__Work instruction__
What you return should match the data below exactly, with no pictures in it.

__Given material__
————————
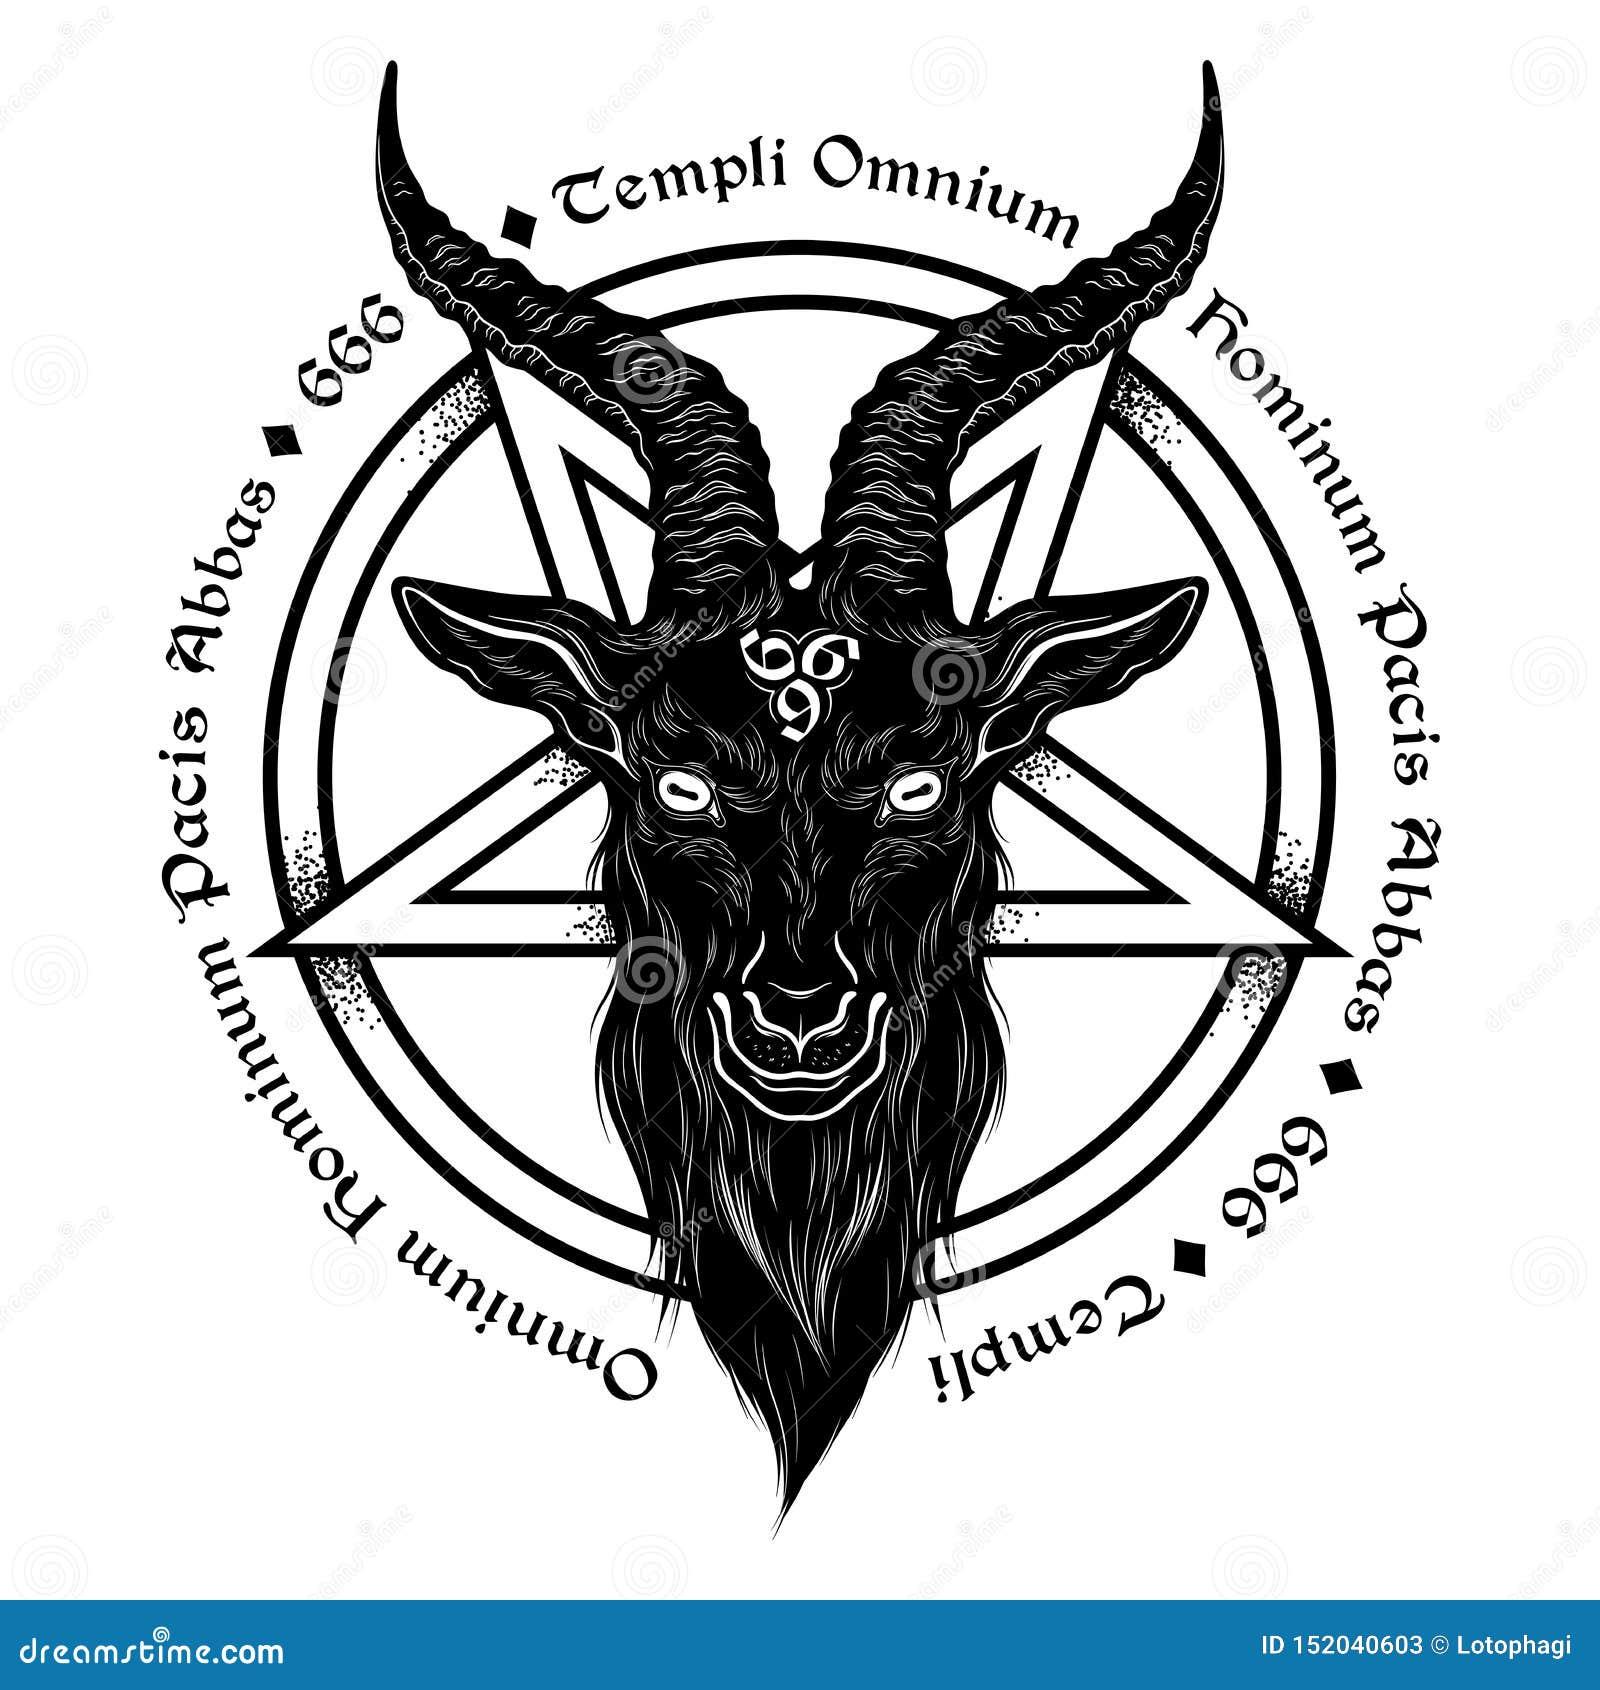 Baphomet Demon Goat Head Hand Drawn Print Or Blackwork Flash Tattoo Art Design Vector Illustration Latin Inscription Translation Stock Vector Illustration Of Esoteric Metal 152040603
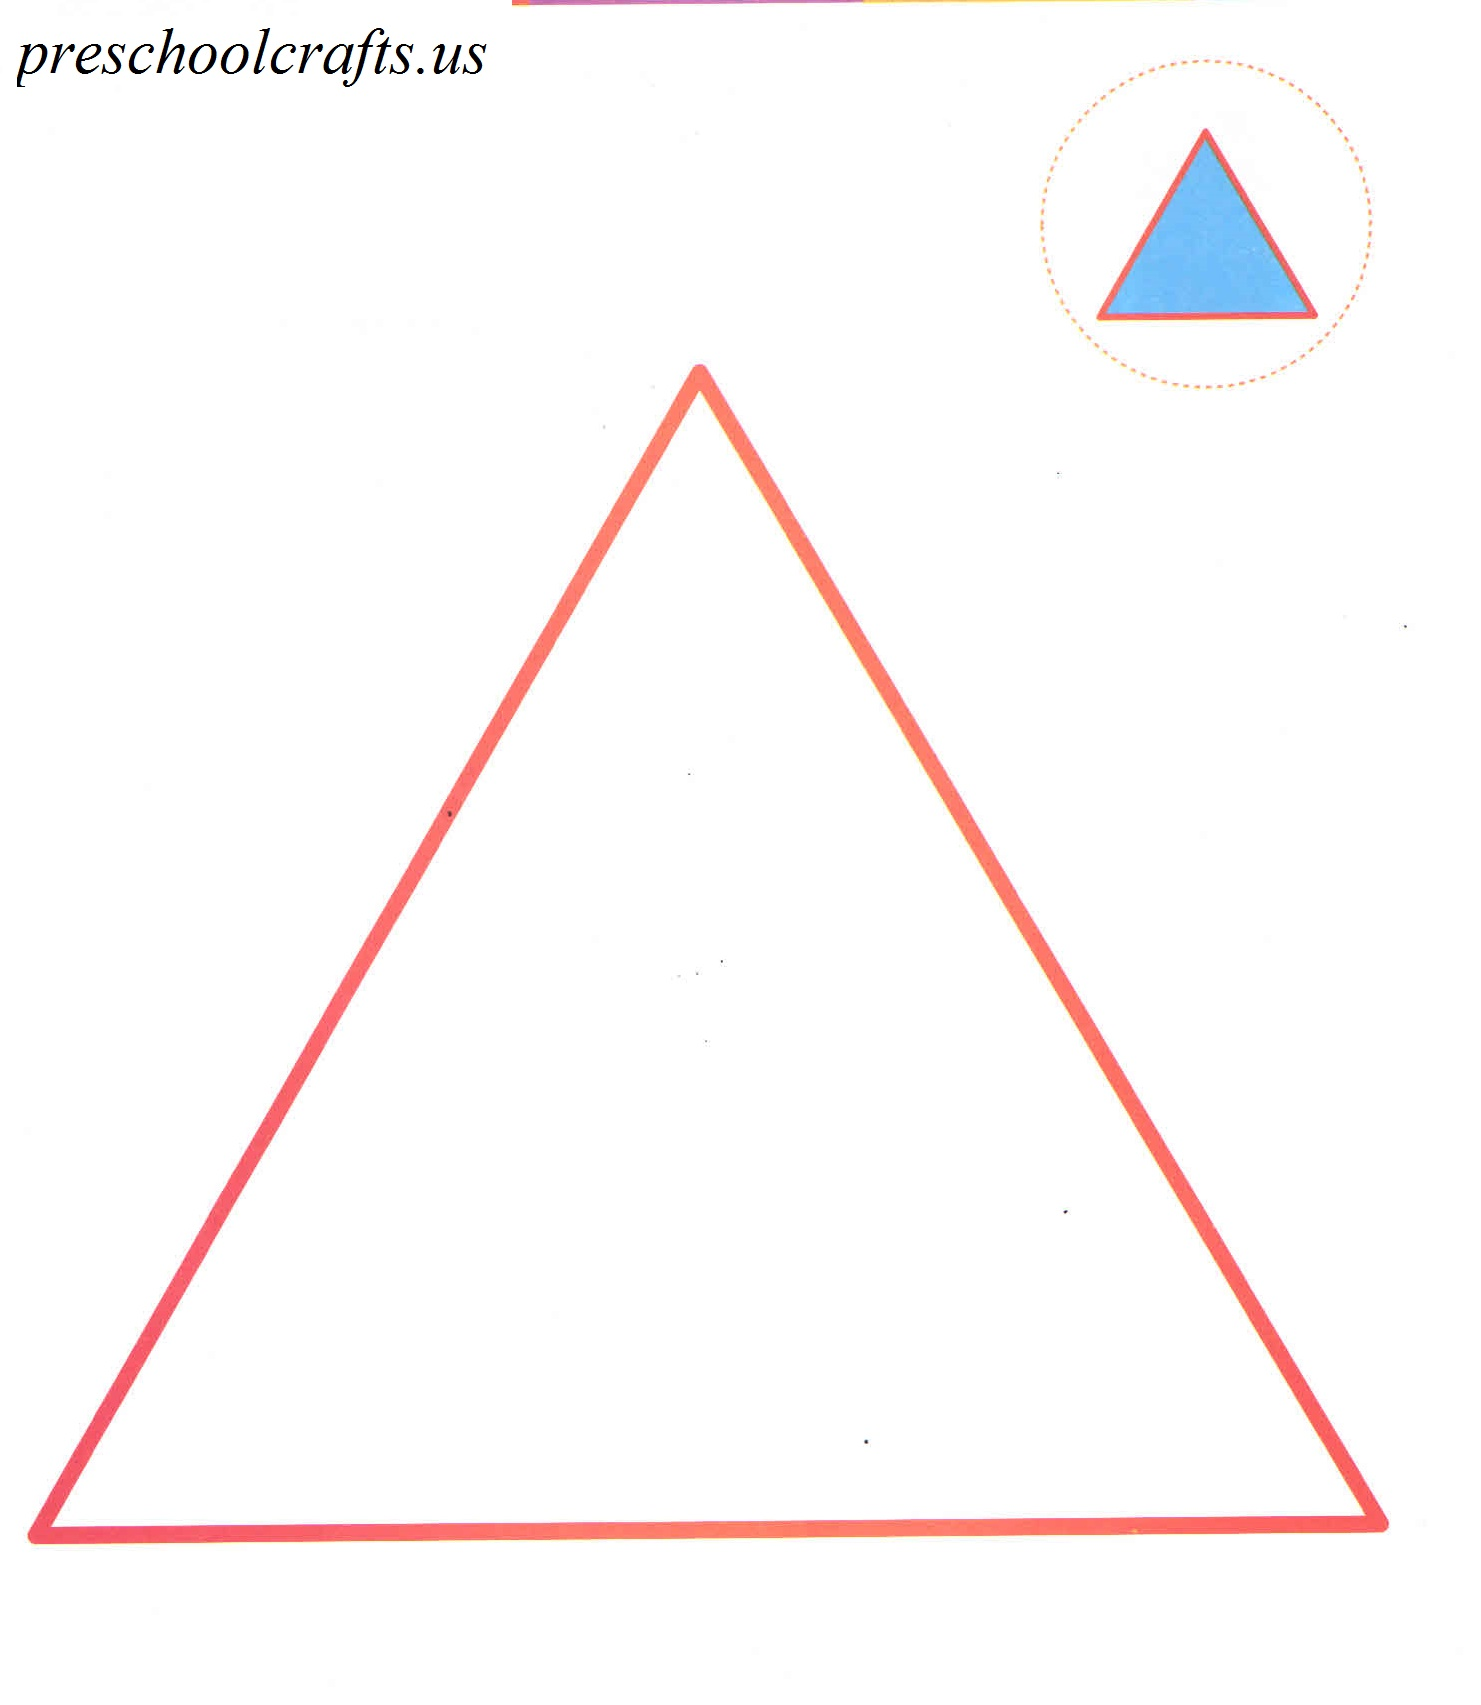 triangle coloring page - Preschool Crafts
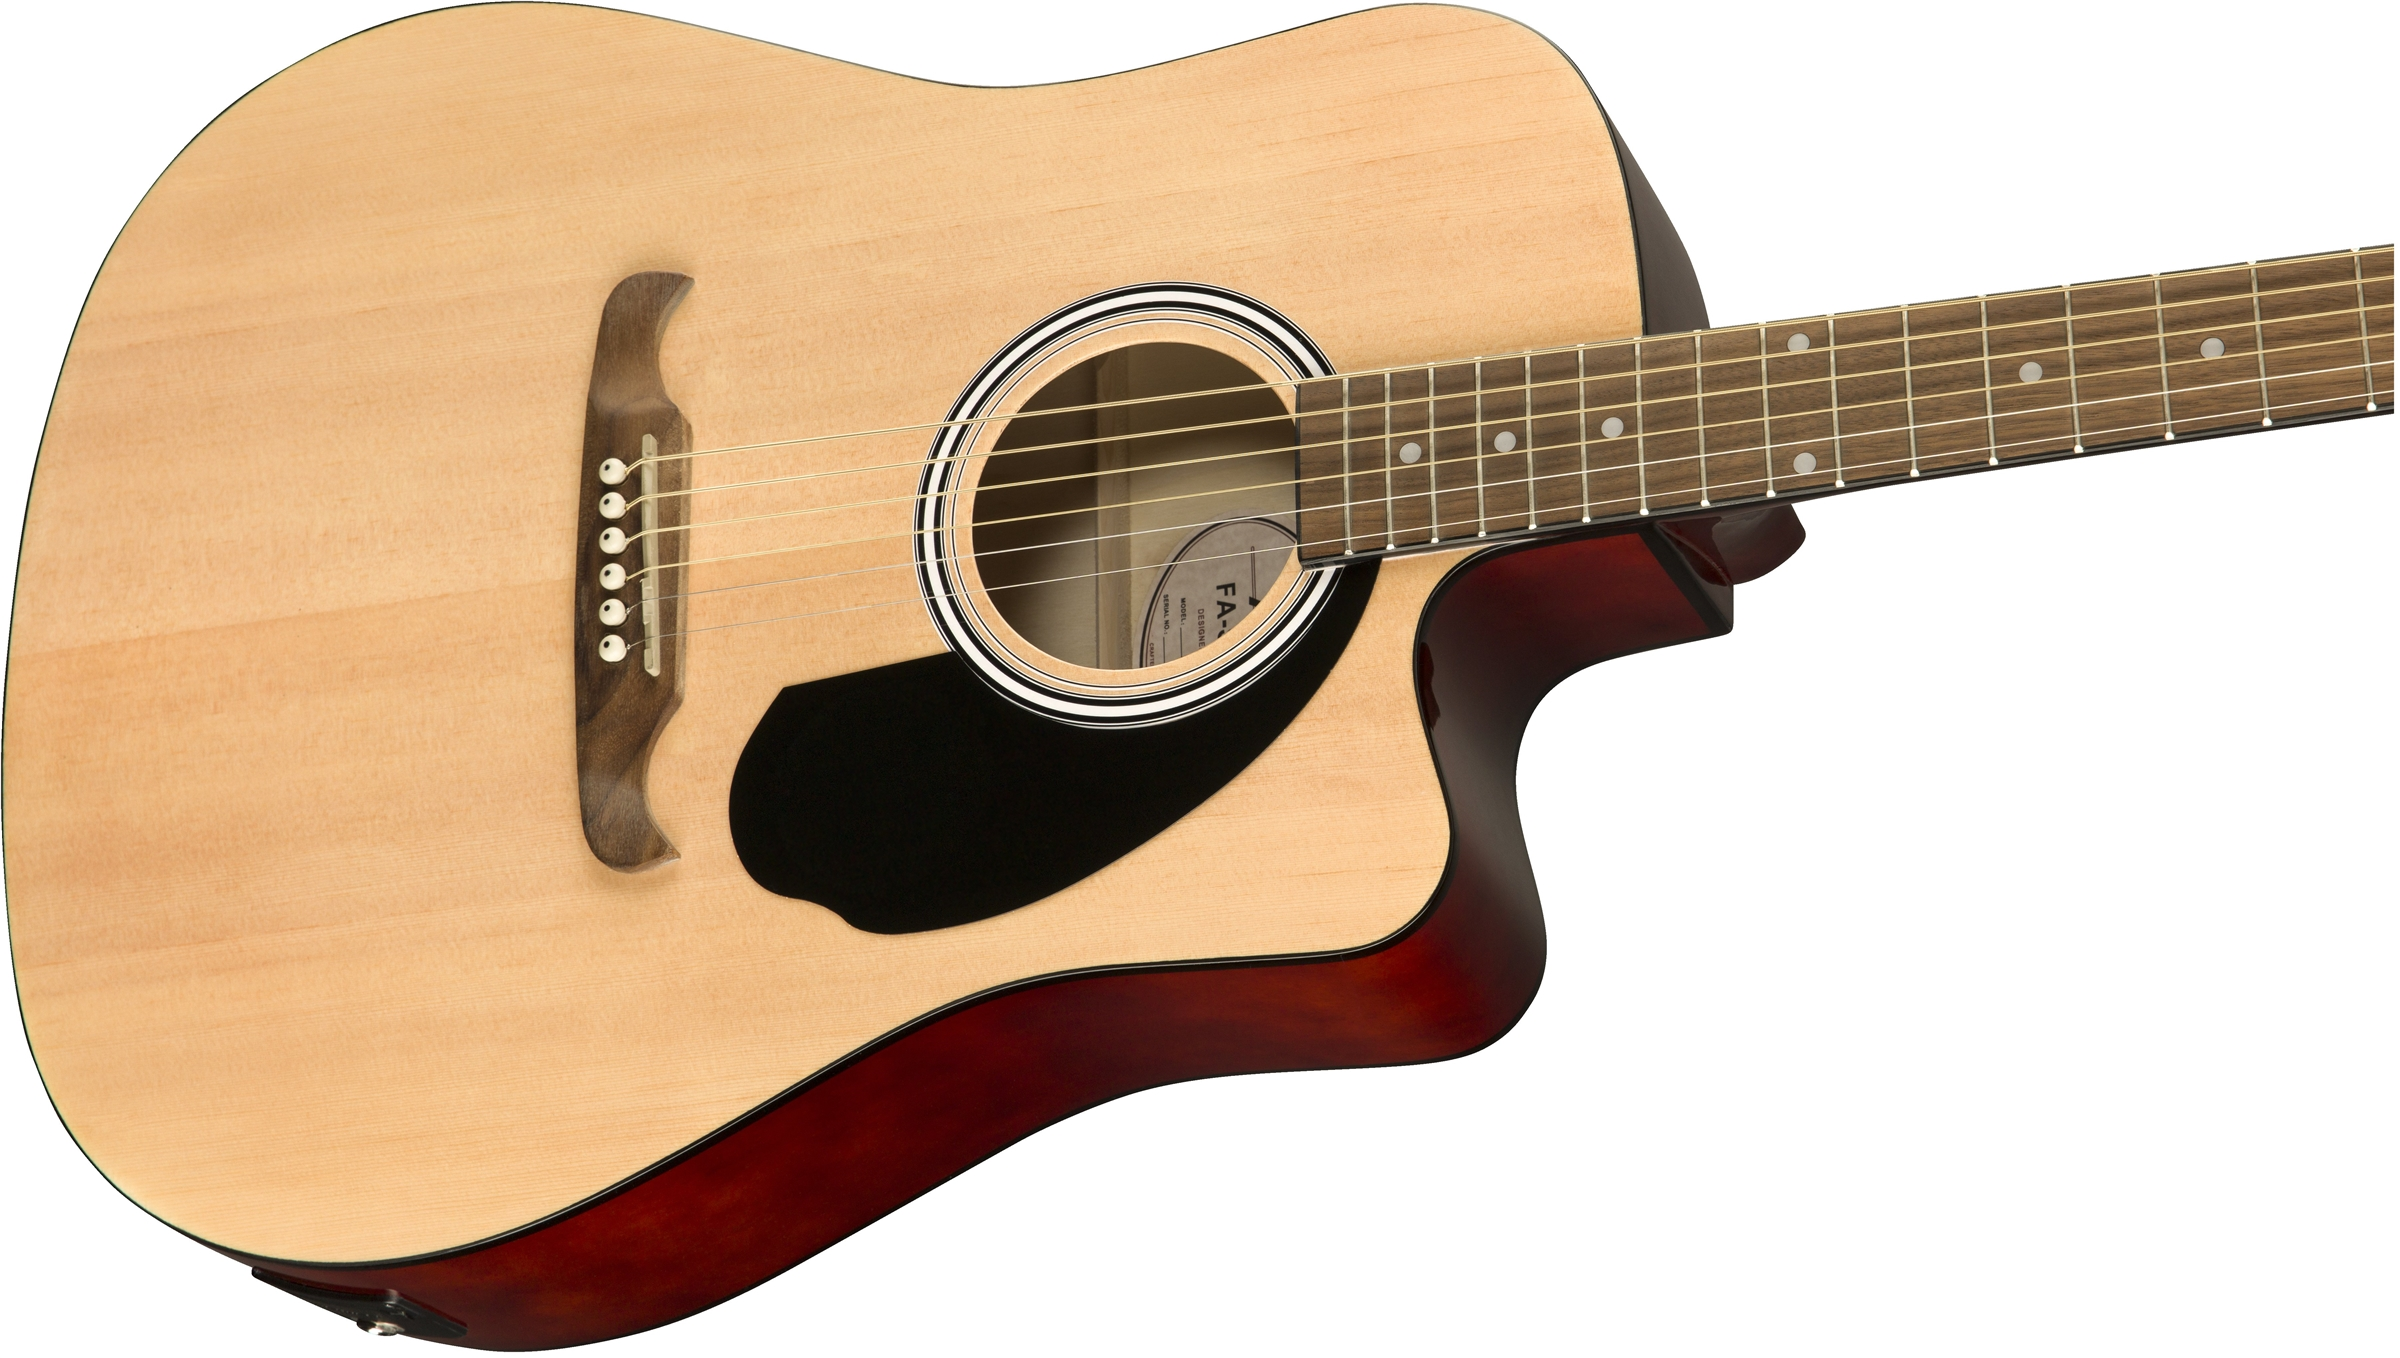 Fa 125ce Dreadnought Walnut Fingerboard Acoustic Guitars
————————
__Solution for this problem__
 Baphomet Demon Goat Head Hand Drawn Print Or Blackwork Flash Tattoo Art Design Vector Illustration Latin Inscription Translation Stock Vector Illustration Of Esoteric Metal 152040603
 triangle coloring page - Preschool Crafts
 Fa 125ce Dreadnought Walnut Fingerboard Acoustic Guitars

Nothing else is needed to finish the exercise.